We can easily create a simple artificial example to illustrate this.
We begin by creating a remote collection, that reflects the current state of the
local collection (in version (1, 'main').
db_remote = client['versioned_collection_test_remote']
remote_collection = VersionedCollection(db_remote, name='dogs')
collection.push(remote_collection)
This creates a new database that will contain a copy of the 'dogs'
collection, together with the auxiliary collections:
>>> db_remote.list_collection_names()
['dogs',
'__replica_dogs',
'__deltas_dogs',
'__log_dogs',
'__vc_lock',
'__modified_dogs',
'__branches_dogs',
'__metadata_dogs']
>>> db_remote['__metadata_dogs'].find_one({})
{'_id': ObjectId('63ef97d3ee966eca7f8b6fce'),
'current_version': 1,
'current_branch': 'main',
'detached': False,
'changed': False,
'has_stash': False,
'has_conflicts': False}
We can now update both collections in such a way that we intentionally create a conflict:
>>> collection.update_one(
... filter={'name': 'German Shepherd'},
... update={"$set": {'can_bark': True}}
... )
<pymongo.results.UpdateResult at 0x7fcd0b00f400>
>>> remote_collection.update_one(
... filter={'name': 'German Shepherd'},
... update={"$set": {'can_bark': False, 'can_meow': True}}
... )
<pymongo.results.UpdateResult at 0x7fcce1a6fe80>
>>> collection.register('v2')
True
>>> remote_collection.register('v2')
True
Finally, trying to pull from the remote to local, we get an error, as expected:
>>> from versioned_collections.errors import AutoMergeFailedError
>>> try:
... collection.pull(remote_collection)
... except AutoMergeFailedError as e:
... print(f'AutoMergeFailedError: {e}')
AutoMergeFailedError: Automatic merge failed. Fix conflicts for branch main and then register a new version. For manually solving conflicts call `resolve_conflicts()`
Looking at the __conflicts_dog collection, we see it contains a single
document, corresponding to the conflicting document from the dogs
collection. The document contains a ‘destination’ document, which contains the
document form the remote collection, a ‘source’ document, which contains the
document of the local collection and a ‘merged’ document.

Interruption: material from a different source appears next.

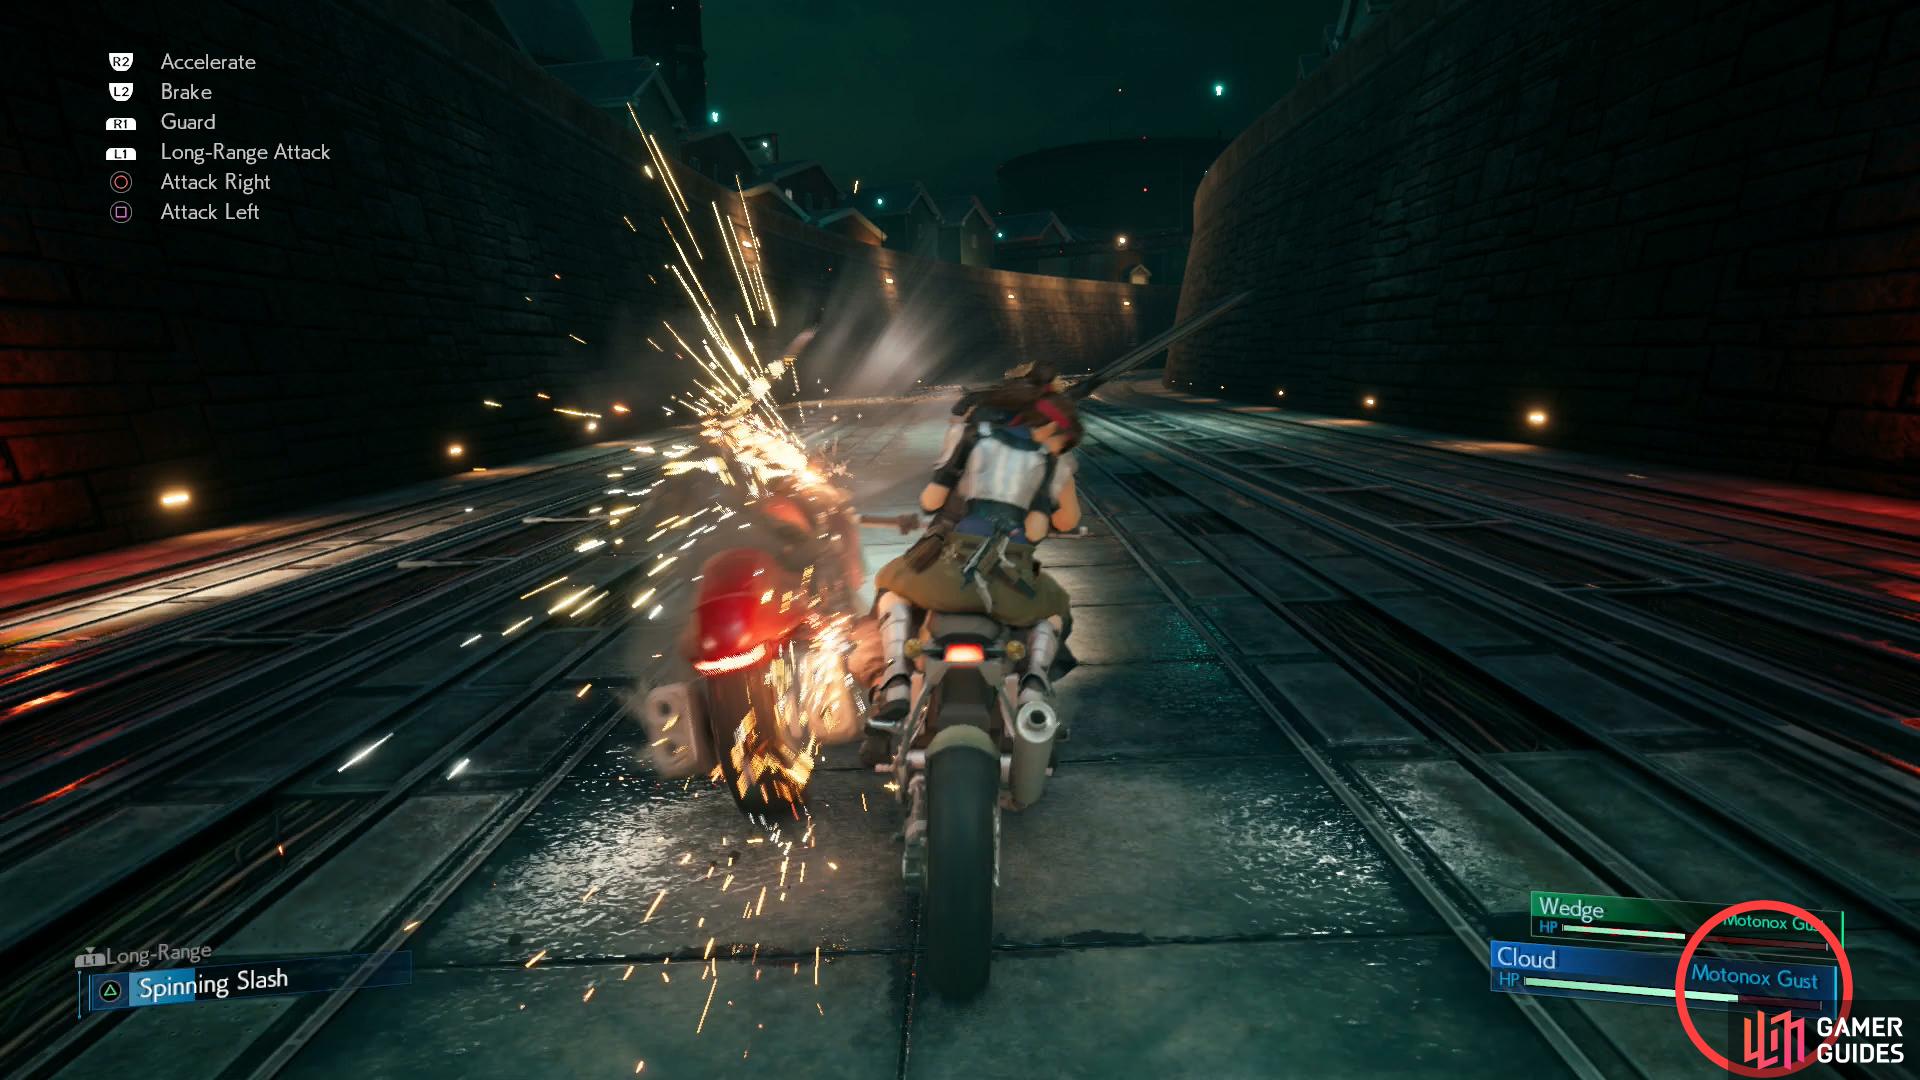 Clear the motorcycle segment with enough HP remaining to secure the “Biker Boy” trophy.

The ‘merged’ document contains the fields from the two documents that were possible to be automatically merged (the fields modified just in a single version of the document). The fields modified by both documents contain the values from the ‘destination’ document, and those values contradict the ones from the source ‘document’, hence the conflict.
>>> list(db['__conflicts_dogs'].find({}))
[{'_id': ObjectId('63ef9855ee966eca7f8b6fd3'),
'destination': {'_id': ObjectId('63d7f73b2b2c7d658560a013'),
'name': 'German Shepherd',
'life_expectancy': {'range': [9, 13], 'units': 'years'},
'average_height': {'value': 60, 'units': 'cm'},
'average_weight': {'value': 30, 'units': 'kg'},
'max_speed': {'value': 48, 'units': 'km/h'},
'can_bark': False,
'can_meow': True},
'merged': {'_id': ObjectId('63d7f73b2b2c7d658560a013'),
'name': 'German Shepherd',
'life_expectancy': {'range': [9, 13], 'units': 'years'},
'average_height': {'value': 60, 'units': 'cm'},
'average_weight': {'value': 30, 'units': 'kg'},
'max_speed': {'value': 48, 'units': 'km/h'},
'can_bark': False,
'can_meow': True},
'source': {'_id': ObjectId('63d7f73b2b2c7d658560a013'),
'name': 'German Shepherd',
'life_expectancy': {'range': [9, 13], 'units': 'years'},
'average_height': {'value': 60, 'units': 'cm'},
'average_weight': {'value': 30, 'units': 'kg'},
'max_speed': {'value': 48, 'units': 'km/h'},
'can_bark': True},
'destination_branch': 'main',
'source_branch': '__rebranched_main_0'}]
We use the Meld merge tool to resolve the conflicts. To resolve the conflicts we can run:
>>> collection.resolve_conflicts()
[vc] Resolved conflict for document 63d7f73b2b2c7d658560a013
True
Fig. 3 shows the GUI that contains the 2 versions of the document from the remote (right) and local (left) collections, and the middle column shows the automatically merged document with conflicts.
Fig. 3 The Meld Merge Tool GUI used to resolve the conflicts.¶
We edit the values of the merged document, save the changes and close the
Meld window, after which the versioned_collection processes the changes,
and reflects them in the database. If there are multiple documents containing
conflicts, a new window will appear for each of them. The IDs documents for
which the conflicts were resolved are printed to the console.
Warning
After resolving the conflicts, the local and remote database have a diverging version. To solve this, delete the subtree of versions from the remote collection for which there were conflicts and push the required versions from local to remote again, to make sure that the two collections are perfectly synchronised.
Lock¶
This collection is used for the inter-process synchronisation of a versioned
collection. This collection is created only once per database, and
contains a document for each versioned collection in the current database.
The collection respects the naming rule for hidden collections, and it is
always named __vc_lock.
Since we have a single (tracked) collection in the database, the __vc_lock
collection looks as follows:
>>> list(db['__vc_lock'].find({}))
{'_id': ObjectId('63d7f73aa78f2b47d9dc990c'),
'collection_name': 'dogs',
'locked': False}
The locking mechanism is only used during the versioning operations are
performed, and it’s there mainly to prevent accidental usage such as calling
checkout from two different processes at the same time. The mechanism
implements a re-entrant lock that can be held by a VersionedCollection
object, and can be used by other collections to know if the caches have to be
reloaded after acquiring the lock. This is required since some of the helper
collections cache in memory the data structures stored in the database (such
as the log tree), so they have to be reloaded in case other process updated
them.
However, this is a very weak form of synchronisation, and the user should take care of locking the collection or the database by performing transactions, or even implementing other locking mechanisms using different primitives (for instance to ensure thread safety, which is not guaranteed by default).